Frequently Asked Questions

What is the IUPAC name of methyl 4-[(carbamothioylhydrazinylidene)methyl]-3-ethoxybenzoate?
The IUPAC name of methyl 4-[(carbamothioylhydrazinylidene)methyl]-3-ethoxybenzoate (CID 168535859) is methyl 4-[(carbamothioylhydrazinylidene)methyl]-3-ethoxybenzoate.
What is the SMILES notation for methyl 4-[(carbamothioylhydrazinylidene)methyl]-3-ethoxybenzoate?
The canonical SMILES for methyl 4-[(carbamothioylhydrazinylidene)methyl]-3-ethoxybenzoate is CCOc1cc(C(=O)OC)ccc1C=NNC(N)=S.
What is the InChIKey of methyl 4-[(carbamothioylhydrazinylidene)methyl]-3-ethoxybenzoate?
The InChIKey is DVODKPUOROUULT-UHFFFAOYSA-N. The full InChI is InChI=1S/C12H15N3O3S/c1-3-18-10-6-8(11(16)17-2)4-5-9(10)7-14-15-12(13)19/h4-7H,3H2,1-2H3,(H3,13,15,19).
What are the key properties of methyl 4-[(carbamothioylhydrazinylidene)methyl]-3-ethoxybenzoate?
methyl 4-[(carbamothioylhydrazinylidene)methyl]-3-ethoxybenzoate has a molecular weight of 281.34 g/mol, XLogP of 1.04, 5 rotatable bonds, 2 hydrogen bond donors, and 5 hydrogen bond acceptors.

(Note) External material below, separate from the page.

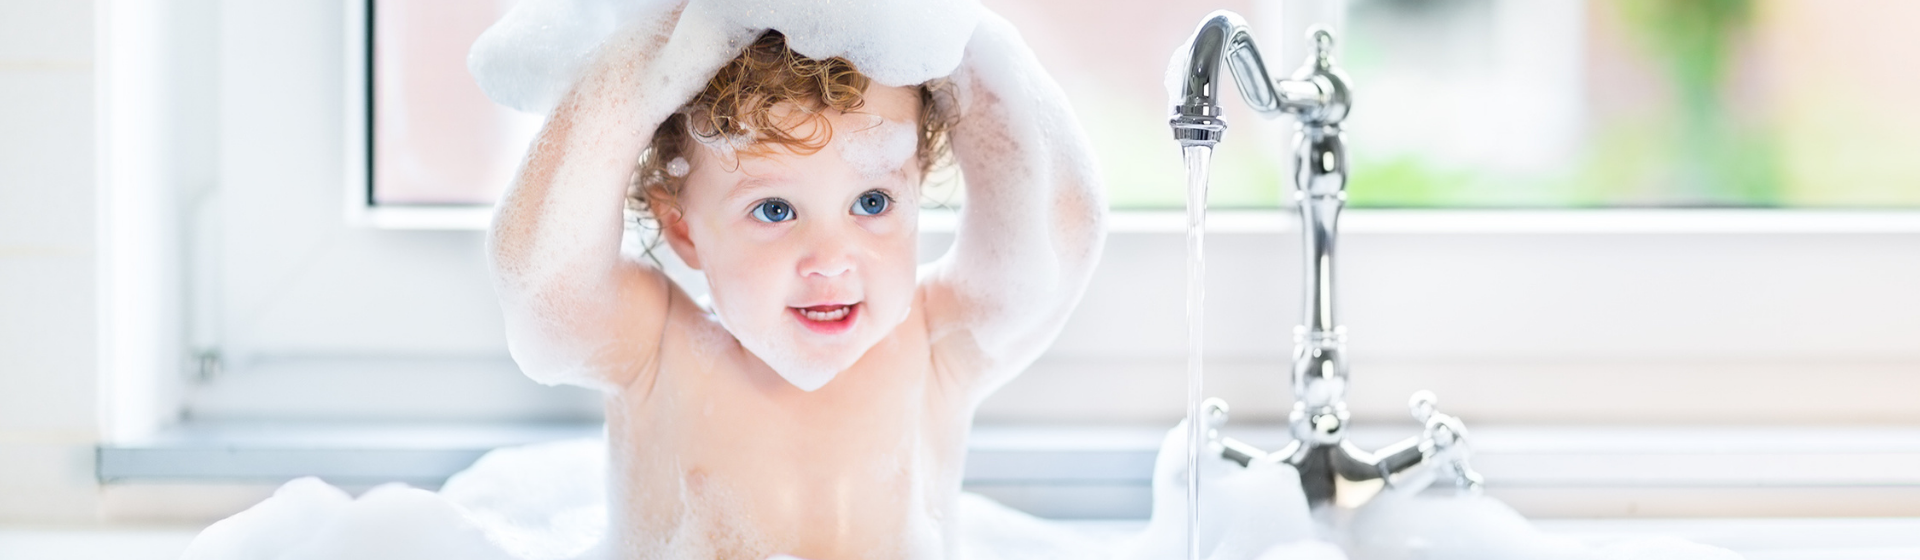 Banheira de bebê: como escolher a melhor banheira de bebê?

Where does this data come from?
All data for methyl 4-[(carbamothioylhydrazinylidene)methyl]-3-ethoxybenzoate is sourced from PubChem (CID 168535859), the world's largest open chemistry database maintained by the National Library of Medicine (NIH).